European companies are leading US rivals in migrating to multi-protocol label switching (MPLS) based IP virtual private networks (VPNs), and as a result are benefitting from cost savings.

Where just 33 percent of North American companies surveyed said they had fully deployed the technology, the number of European companies with no plans to deploy MPLS networks dropped from 37 percent in 2005 to 16 percent this year.

Phil Sayer, Forrester Research European telecoms and networks senior analyst told Techworld: "Plenty of companies are rolling out things like video-conferencing, which is driving voice-over-IP in particular, as that's the first application of IP technology companies go for. The first and main driver for this is undoubtedly cost savings."

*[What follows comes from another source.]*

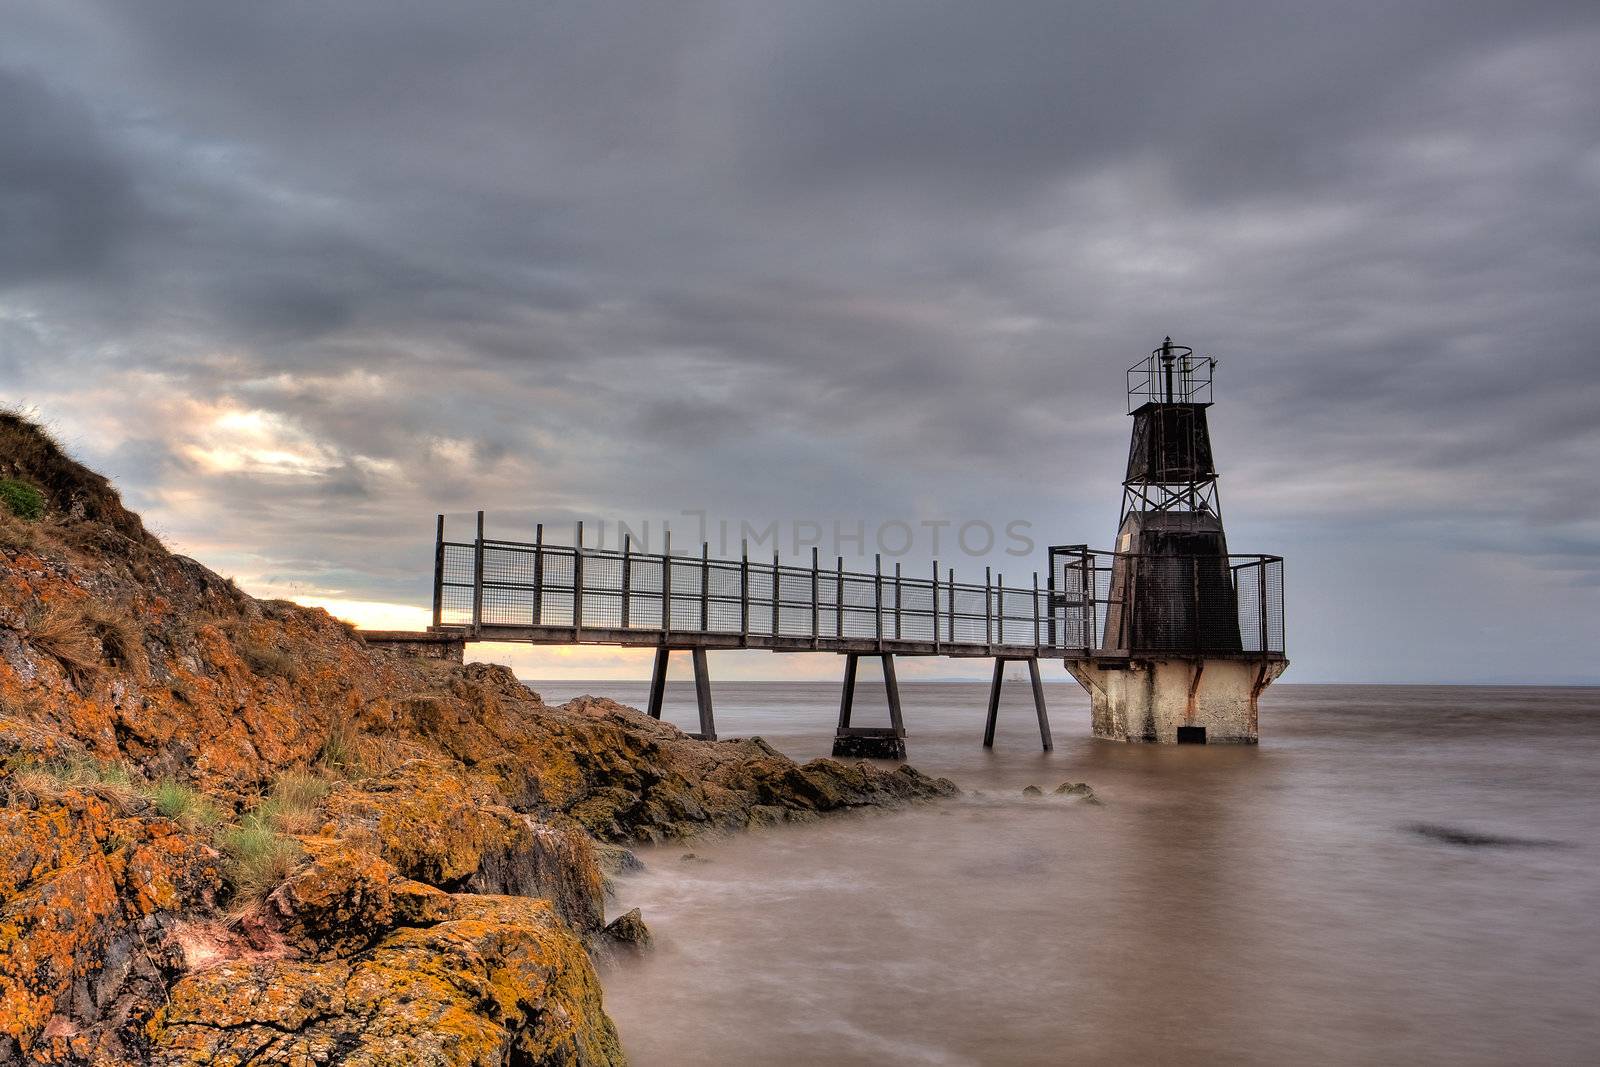 Battery Point at Portishead in North Somerset, England

Sayer said there was no way of knowing for sure from the responses of the 301 telecoms decision-makers interviewed for the annual report why European companies are more open to IP deployment than their US counterparts.

But he speculated: "Cost is more of a driver for European companies than US ones because they are paying international roaming prices for calls and video-conferencing, which gives them a much bigger incentive to adopt IP technology."

The research also found Europe leading the US in terms of managed service adoption, while security and mobility were high on agendas on both sides of the Atlantic.

Only 18 percent of European companies don't use managed services, while that figure rises to 53 percent in the States. And mobile products and services account for one-third of budgets across the board, putting security at the forefront of most respondents' minds.

"There is certainly data to suggest European companies are generally more open to outsourcing of offshoring non-core operations than American ones," said Sayer.

"And email or internet access is still generally the first mobile deployment these companies say they're doing, for executives, home workers and field-force workers.